Prioritize transparency—choose protocols that regularly publish security reports, governance permissions, rather than only looking at “APY.”
Understand what your assets are: rsETH is not ETH; it’s a cross-chain synthetic asset whose value depends on the proper operation of an entire trust chain.
Techub News Follow-up 1: What should ordinary users avoid most?
A good rule of thumb: if you can’t clearly explain in one sentence “where my assets are, who holds them, and what happens if a part fails,” then that risk shouldn’t constitute a large part of your holdings.
Techub News Follow-up 2: Should “audit existence” be replaced with more specific questions?
Yes. “Has it been audited” was a standard in 2020. Today, at minimum, ask: Does the audit cover cross-chain configurations? How many DVNs are there? How many signers in multi-sig governance, and who are they? These should be standard disclosures, not hidden details buried in documentation.
XIII. The AI era: Can DeFi still survive?
Techub News Question 13: In the AI era, does DeFi still have a future?
DeFi’s future not only exists but could see a genuine upgrade in security infrastructure through AI. But this future belongs not to protocols still relying on “complex yield structures” to attract users, but to those that first adopt the following capabilities:
AI-driven real-time on-chain risk control: Automatically detect abnormal minting, unusual fund flows, and cascade risk signals across protocols.
On-chain insurance and automatic compensation: Shift security from “post-incident accountability” to “mid-incident safeguards.”
Intelligent risk agents: Continuously monitor individual user risk exposures and automatically rebalance or exit when thresholds are triggered.
Techub News Follow-up 1: Will AI make attacks faster?
Yes. AI can be used to automatically scan for on-chain vulnerabilities, generate optimal attack paths, and accelerate off-chain reconnaissance. Both attack and defense will be AI-accelerated, meaning defenders can no longer rely solely on “manual discovery” as the last line of defense.
Techub News Follow-up 2: Will AI push the industry to treat security as a core product capability rather than a cost?
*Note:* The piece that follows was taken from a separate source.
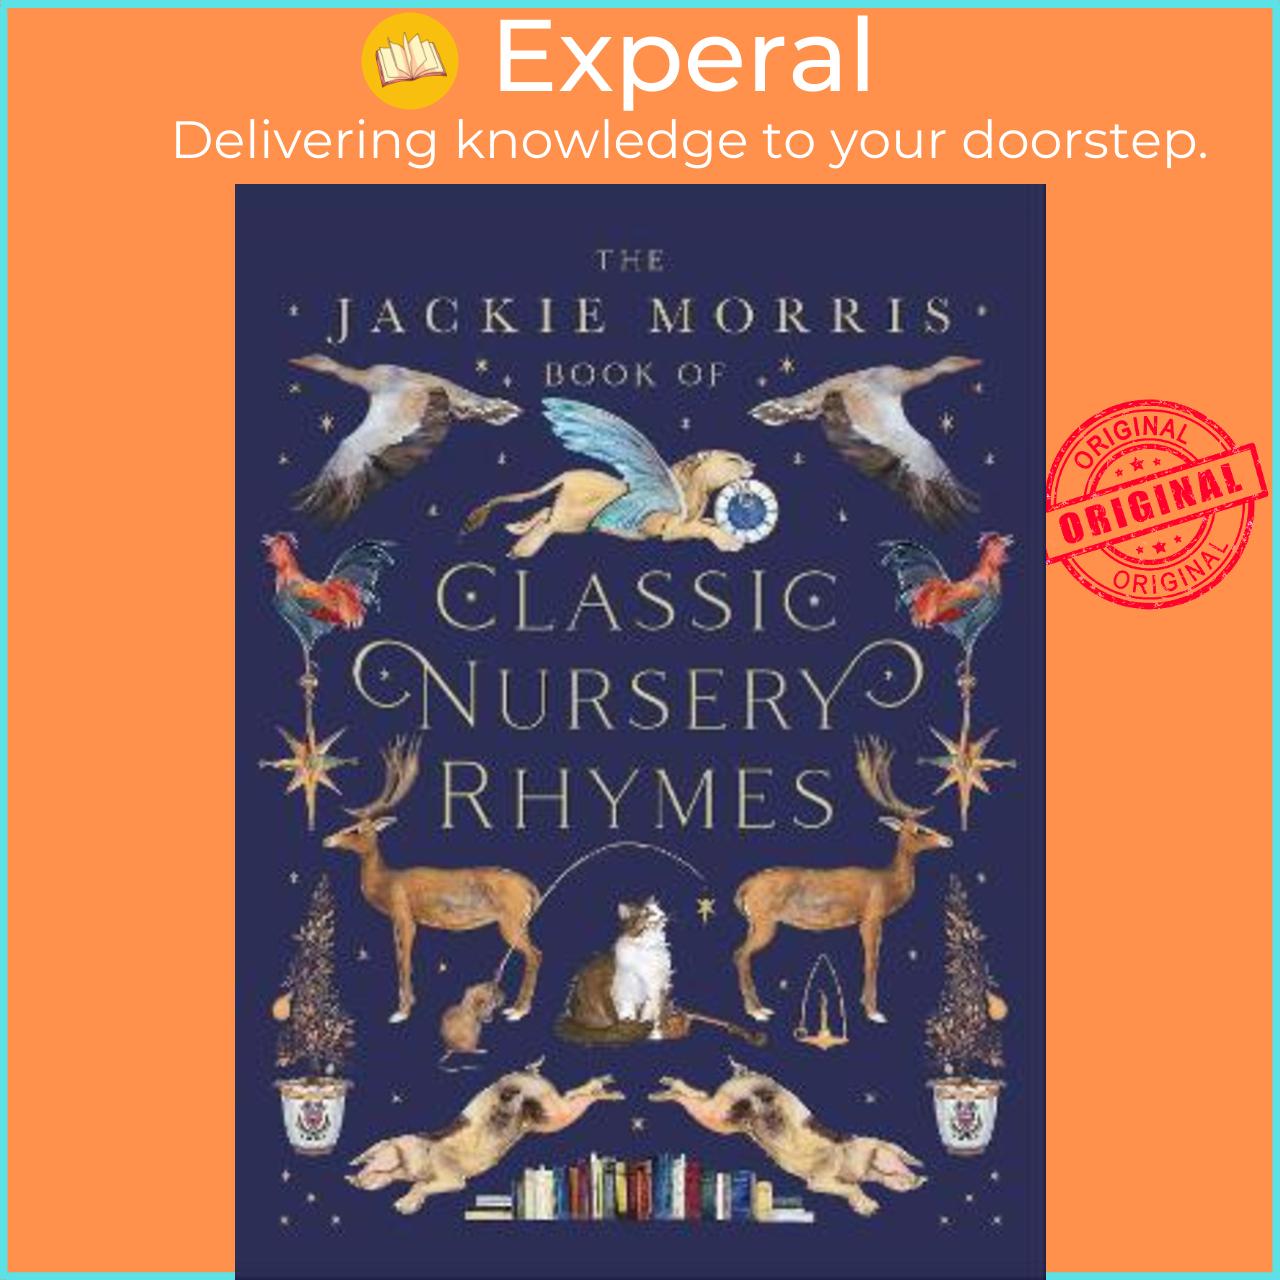 Hình ảnh Sách - The Jackie Morris Book of Classic Nursery Rhymes by Jackie Morris (UK edition, hardcover)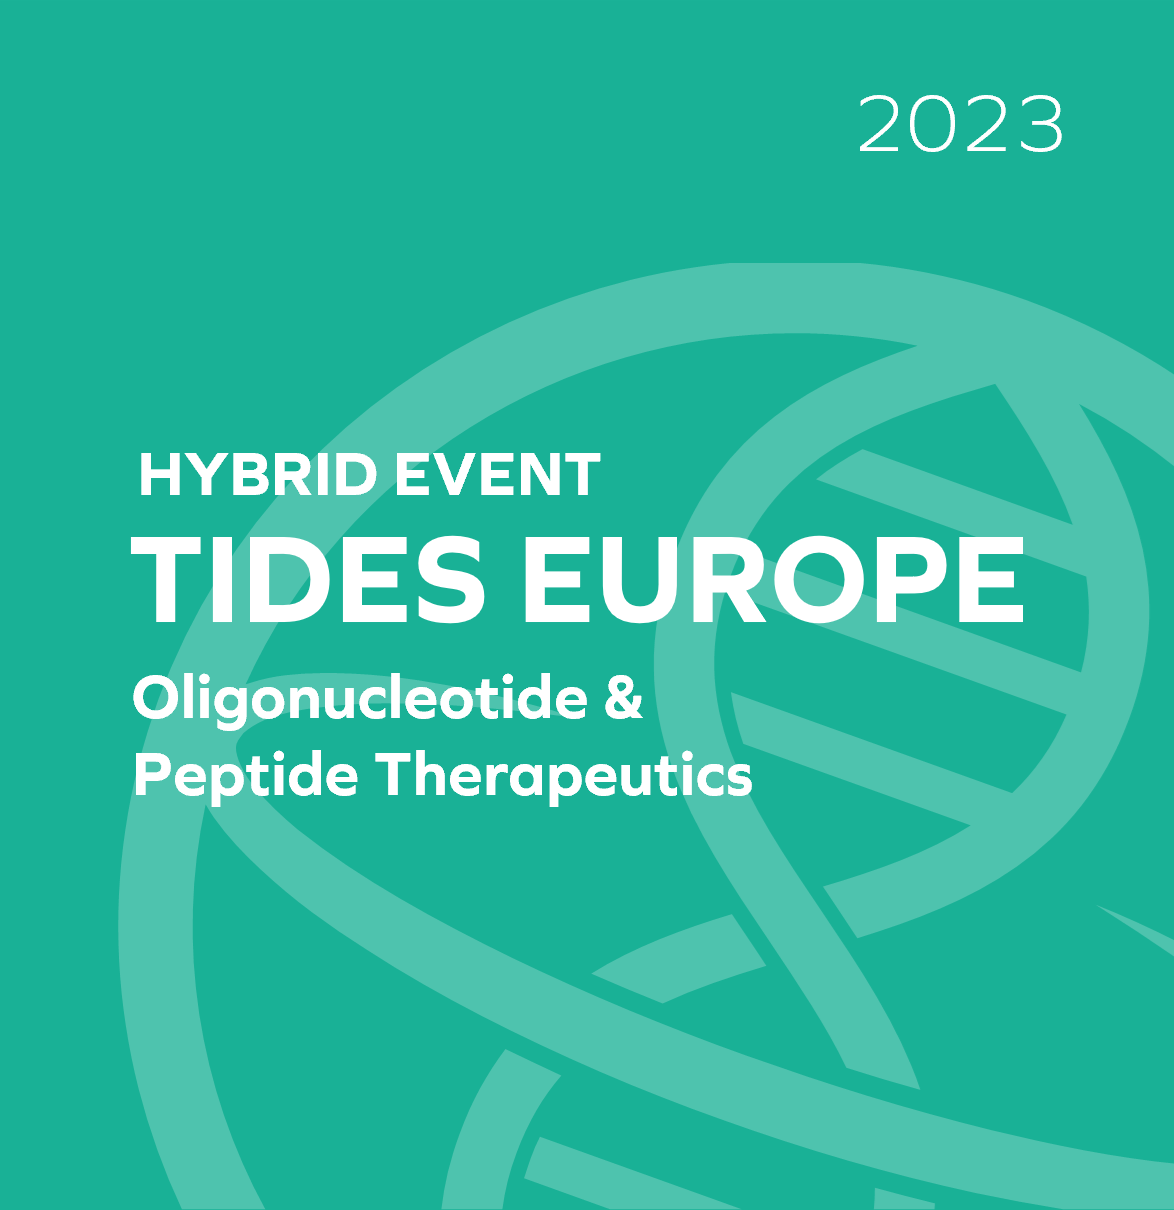 TIDES Europe 2023: Oligonucleotide & Peptide Therapeutics

That’s the most promising structural change. Previously, security was a “regulatory compliance cost.” As users start to prioritize “security transparency” and “AI risk control capabilities” when choosing protocols, security will become a differentiator. This incident has accelerated that shift.
XIV. Final words
Techub News Question 14: Please give one sentence each to: ordinary users, entrepreneurs, and the industry.
To ordinary users: Don’t treat cross-chain synthetic assets as risk-free—every extra percentage point of yield behind them relies on unseen trust assumptions.
To entrepreneurs: Security budget isn’t an optional add-on after product launch; it’s a prerequisite for survival in the real market.
To the industry: DeFi isn’t dead; what we need isn’t more complex yield mechanisms, but more honest risk disclosures.